The UK government has enlisted Palantir, a US big data firm founded by Peter Thiel, and Faculty, a startup that specializes in professional data science strategy, software and skills training to combat the spread of COVID-19. While this may mobilize concern about privacy issues, it should be noted that collecting big data including private health data from the general population is necessary for governments to make informed decisions on how to halt the spread of COVID-19, discern which members of society are most vulnerable, and learn which treatment options are the most effective.
Palantir understands there is cause for concern with user privacy which is why they released an outline of their best practices for using data during a crisis. Palantir stated: “Knowing how to competently apply data science to the right set of problems will serve as a critical asset for augmenting and enhancing comprehensive strategies to battle this public health crisis”, this is undeniably true.
They also stated the following which is an acknowledgment of the precarious risk society embarks upon accessing this type of big data sharing: “Rich data sources often inspire unanticipated — even rogue — analyses. Establish and enforce collective ground rules on how the data should be used and who should have what levels of access to, and use of, data. Misuse of data can result in public mistrust in institutions. Even the most well-meaning of problem solvers sometimes are blinded to the risks of the solutions they create.”
What type of data is the UK government collecting? Currently, the appropriate data which is needed to tackle the COVID-19 challenge. As reported by Guardian, current anonymized data includes gender, protected health information, Covid-19 test results, the contents of people’s calls to the National Health Service (NHS), health advice line 111 and clinical information about those in intensive care.
While data privacy should be anonymized so it can never be traced to a specific individual, we need this data for machine learning systems to analyze. Deep learning systems use this type of big data to identify patterns, and data points which are overlooked by humans. Something as trivial as gender, may reveal important insights, an example could be that diabetic men are a more vulnerable segment of the population than diabetic women. Certain treatment options may work better for different age groups, genders, genetic backgrounds, etc.
Instead of being vilified we should give the UK government the benefit of the doubt. This type of data collecting, and data sharing efforts by all facets of the health care system, is something that should be maintained for the long-term. This could serve us in the future for both fighting future pandemics, as well as regular health issues, cancer, and other physiological ailments.
Currently, the project uses a “pseudo NHS number” to cross-match large datasets, including a master patient index, an existing NHS resource that uses “social marketing data” to segment the British population into different “types” at the household level. While it remains to be seen if this is the most effective data distribution method, we do have concerns with some aspects of the data collection process.
Currently, phone location data is being collected. While narrowing down the data to a postal code may be appropriate, it is unnecessary to directly pinpoint the exact source of the phone call, as this information cannot be anonymized or randomized.

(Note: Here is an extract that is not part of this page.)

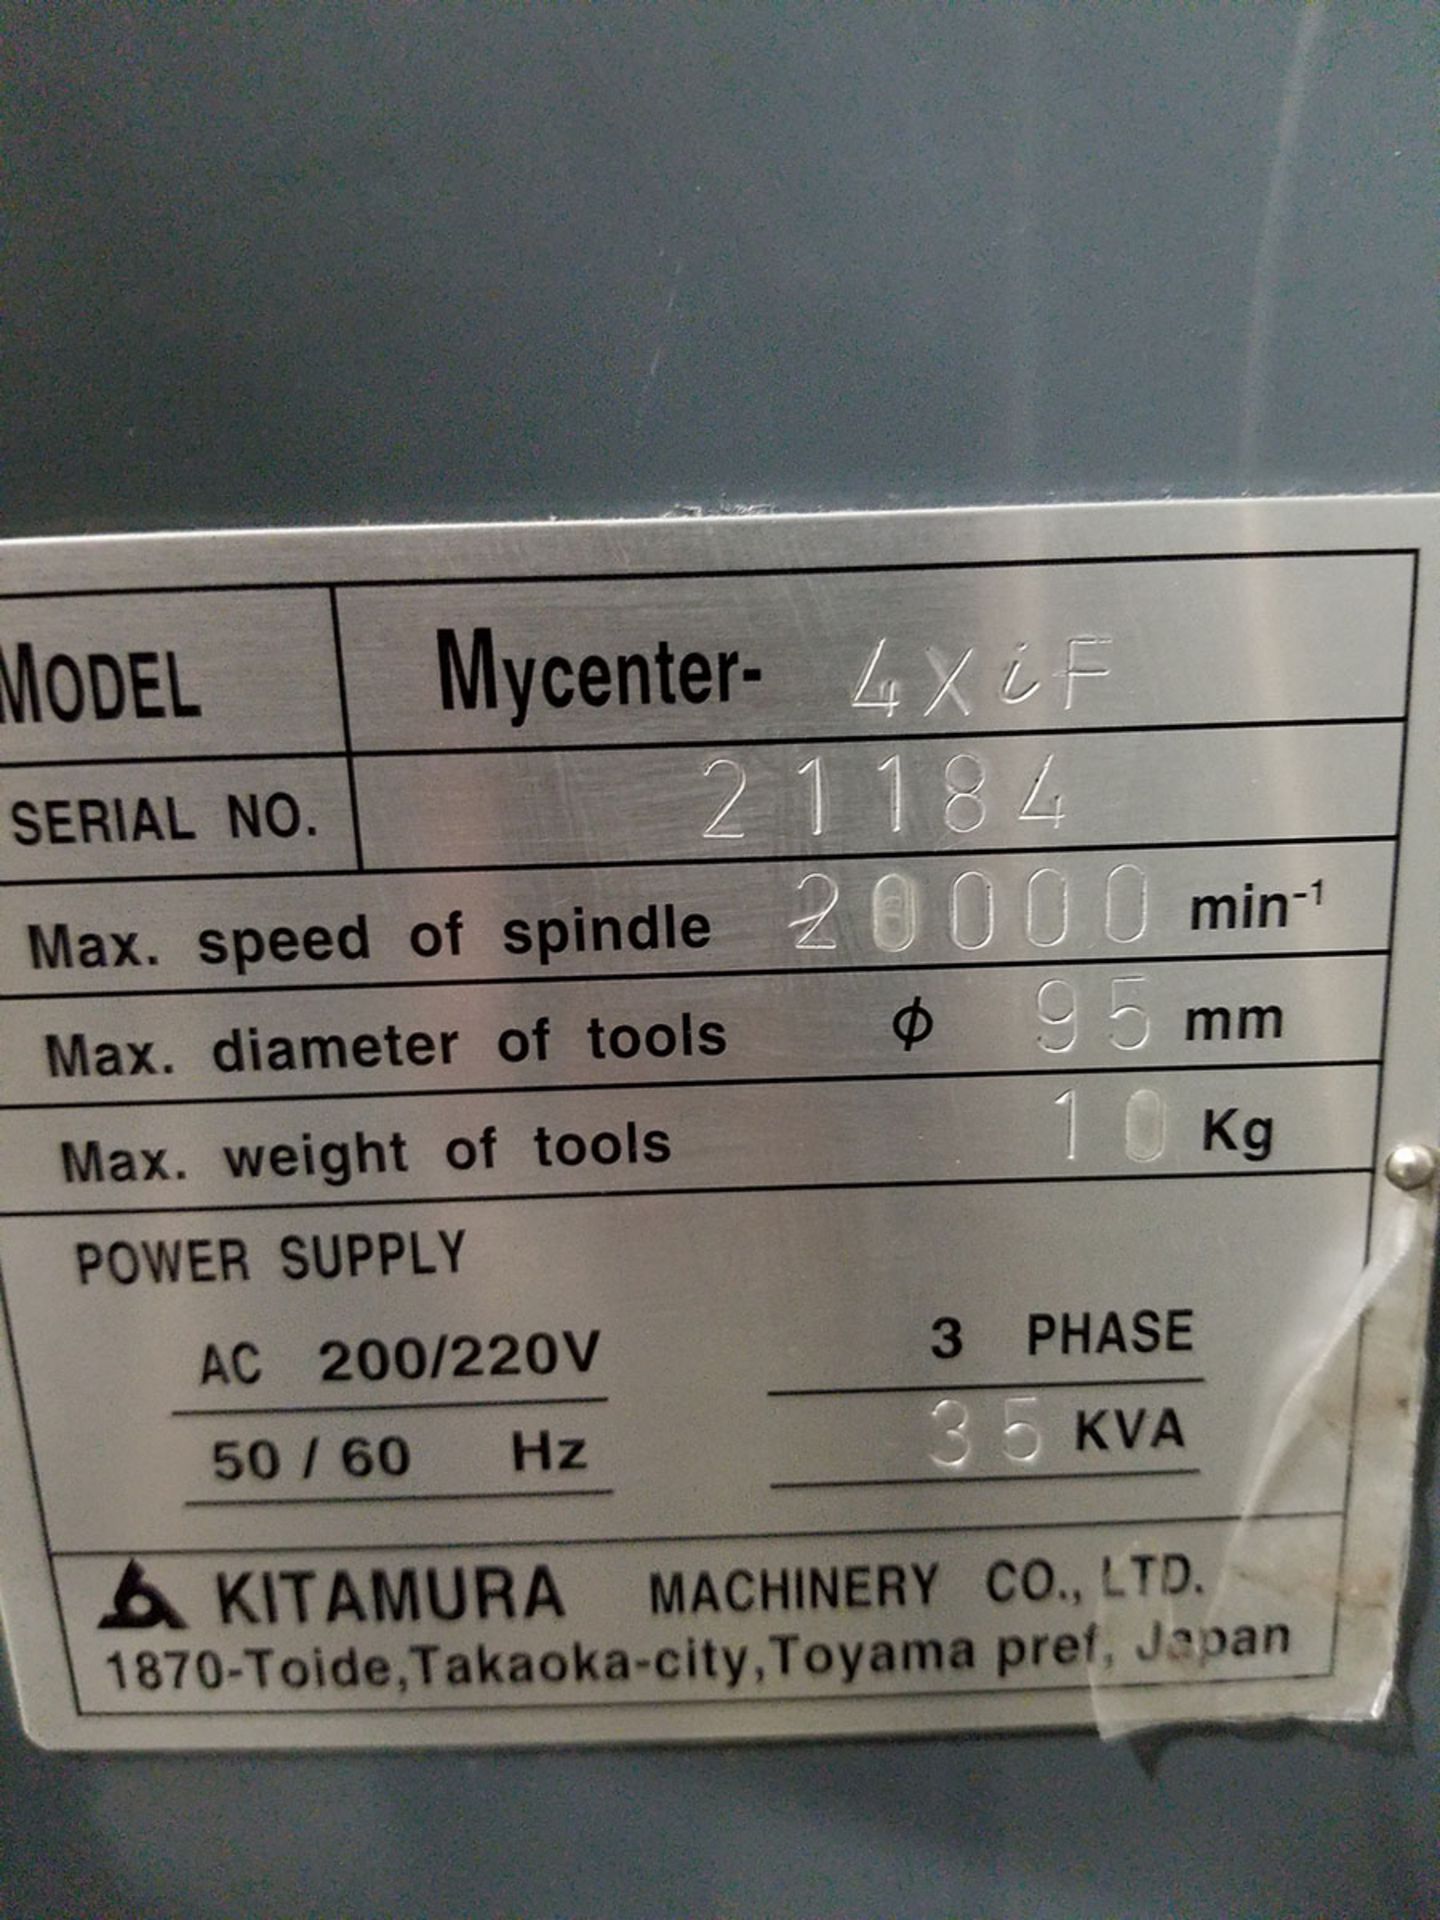 2006 KITAMURA CNC VERTICAL MACHINING CENTER, MODEL MYCENTER 4XIF, FANUC 16I-MB CNC CONTROL WITH HPCC - Image 19 of 20
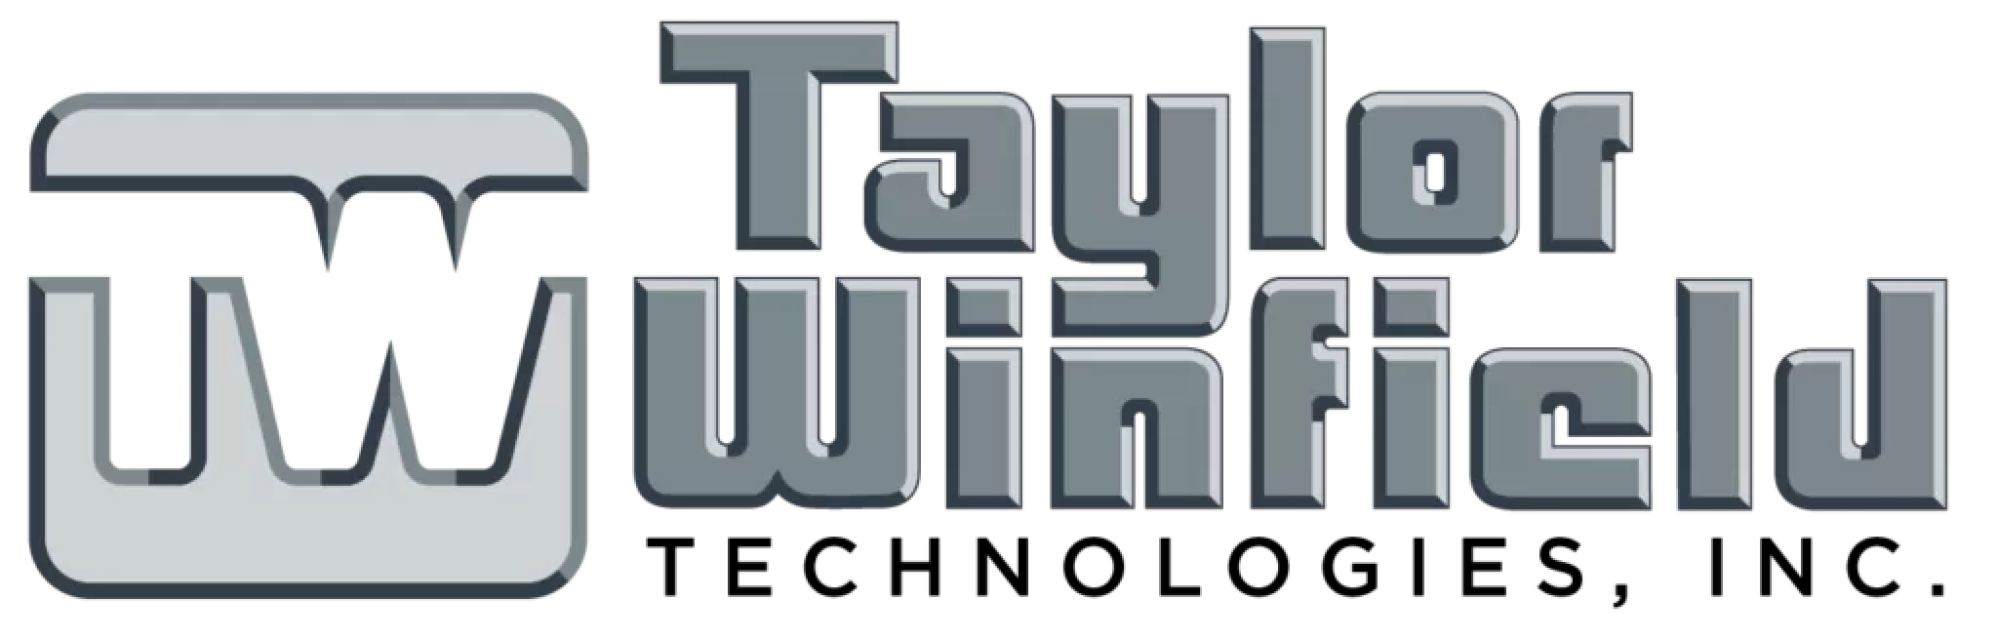 Taylor-Winfield Technologies

This could cause sick individuals to fear using the phoneline which may result in unnecessary deaths from those who most need help.
British citizens should be alarmed regarding the phone location datapoint which is unnecessary to effectively train a deep learning algorithm but can be directly used to track an individual.
Should the UK government continue in its path to collect this type of big data, and fix the issues outlined above, as well as other privacy/user rights issues of which we are unaware of, it may be appropriate for the UK to enlist the assistance of the European Union to gather similar datapoints from their respective populations. After all, how deep learning works is the more data that is collected, the more effective the algorithm. This would go a long way in bridging nations after the closure of international borders.
We urge careful analysis, and the assistance of a non-profit entity to ensure that the UK government does not abuse the information it gathers. Nonetheless, it should be acknowledged that this is an important step towards fighting COVID-19.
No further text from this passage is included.